Madde 62 Borçlu olmadığı şeyi ihtiyariyle veren kimse hataen kendisini borçlu zan ederek verdiğini ispat etmedikçe onu istirdat edemez. Müruru zamana uğramış olan bir borcu eda yahut ahlaki bir vazifeyi ifa için verilen şey, geri alınamaz.


 


Madde 63 – Haksız olarak bir şeyi istifa eden kimse, onun istirdadı zamanın da elinden çıkmış olduğunu ispat ettiği miktar nisbetinde red ve iade ile mükellef değildir.


Şu kadar ki kabız, o şeyi suiniyet ile elden çıkarmış yahut onu elden çıkarır iken bilahare red ve iadeye mecbur olacağına vakif bulunmuş olursa red ve iadeye mecburdur.”


 


—İyiniyetli olan elinde kalanını geri verir…emeklilerin elinde de para kalmaz…

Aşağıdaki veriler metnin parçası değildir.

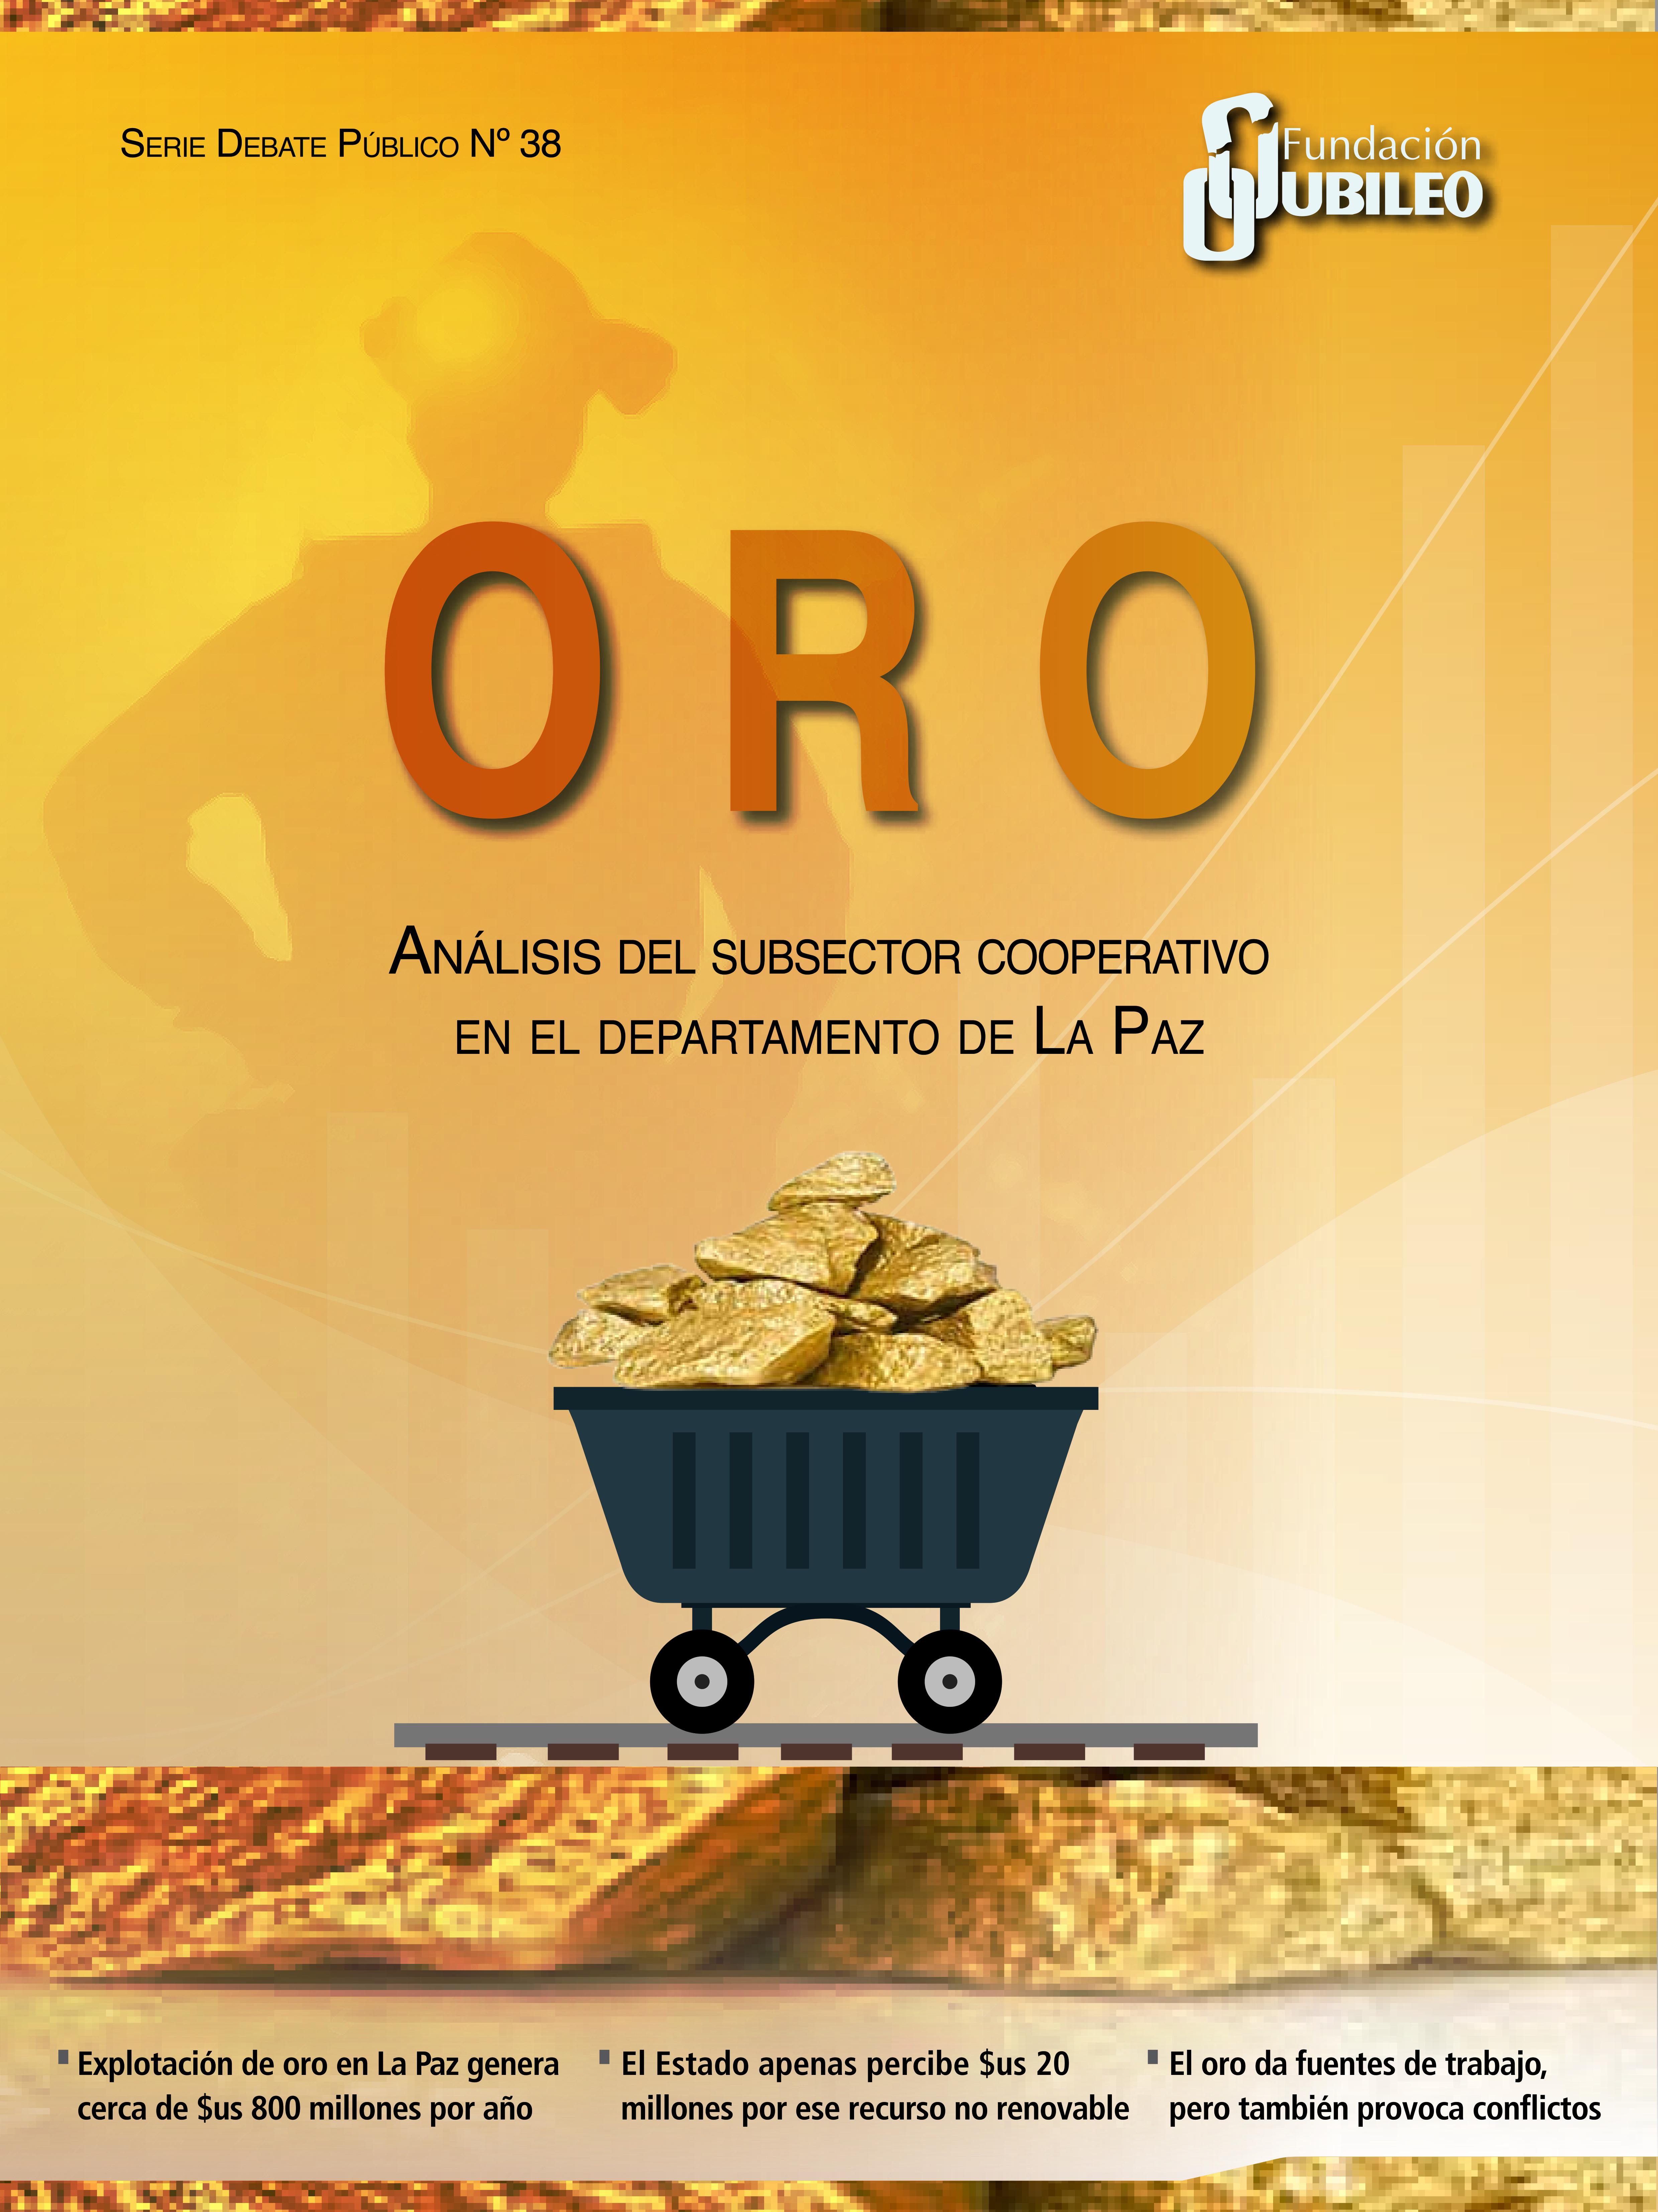 oro_análisis_del_subsector_cooperativo_en_el_departamente_de_la_paz_001

Yukarıda verilen Borçlar Kanunu’nun 62 ve 63 üncü maddeleri gereğince SGK’nın öğretmene haksız yere ödediği emekli aylıkları ile faizlerini geri alabilmesi için sizin öğretmenin kötü niyetli olduğunun SGK tarafından kanıtlanması gerekir. Mesela benzer bir olayda YARGITAY 10. Hukuk Dairesi, (Esas: 2002/2717, Karar: 2002/3160 ,Tarih: 08.04.2002) bir kararında;


 “ÖZET: Borçlar Kanununa göre; sebepsiz zenginleşen kişinin, iade borcu ile yükümlü tutulabilmesi için kötü niyetli olduğunun kanıtlanması gerekir. Davacının iyi niyetli olduğunun kabulü asıldır. Davacının kötü niyetli olmadığı ve Kurumu yanıltmadığı dava dosyasındaki bilgi ve belgelerden açıkça anlaşılmaktadır. Kaldı ki, Davalı Kurumca davacının kötü niyetli olduğu iddia ve ispat edilmemiştir. (506 sayılı SSK. m. 19, 26, 92) (818 sayılı BK. m. 63)”


Emeklinin iyiniyetli olduğunu bu nedenle sadece elinde kalanı iade etmek zorunda kaldığını belirtip hemen arkasından da;


Yaşam deneyleri ve günümüzün ekonomik koşullarına göre davacının,kendisine ödenen dava konusu yaşlılık aylıklarını tüketerek elden çıkarmak zorunda kalan, günü tarihine ve kıtı kıtına geçinen kimselerden olduğunun da kabulü gerekir. Şüphesiz bu yönden bir kuşku ve duraksama duyulması halinde Mahkemenin gerekli inceleme ve araştırma yapabileceği de tartışmasızdır.”


diyerek de emeklilerin ancak yaşamlarını devam ettirdiklerini ve ellerinde bir şey kalmadığından emeklinin SGK’ya borçlu olmadığına karar vermiştir.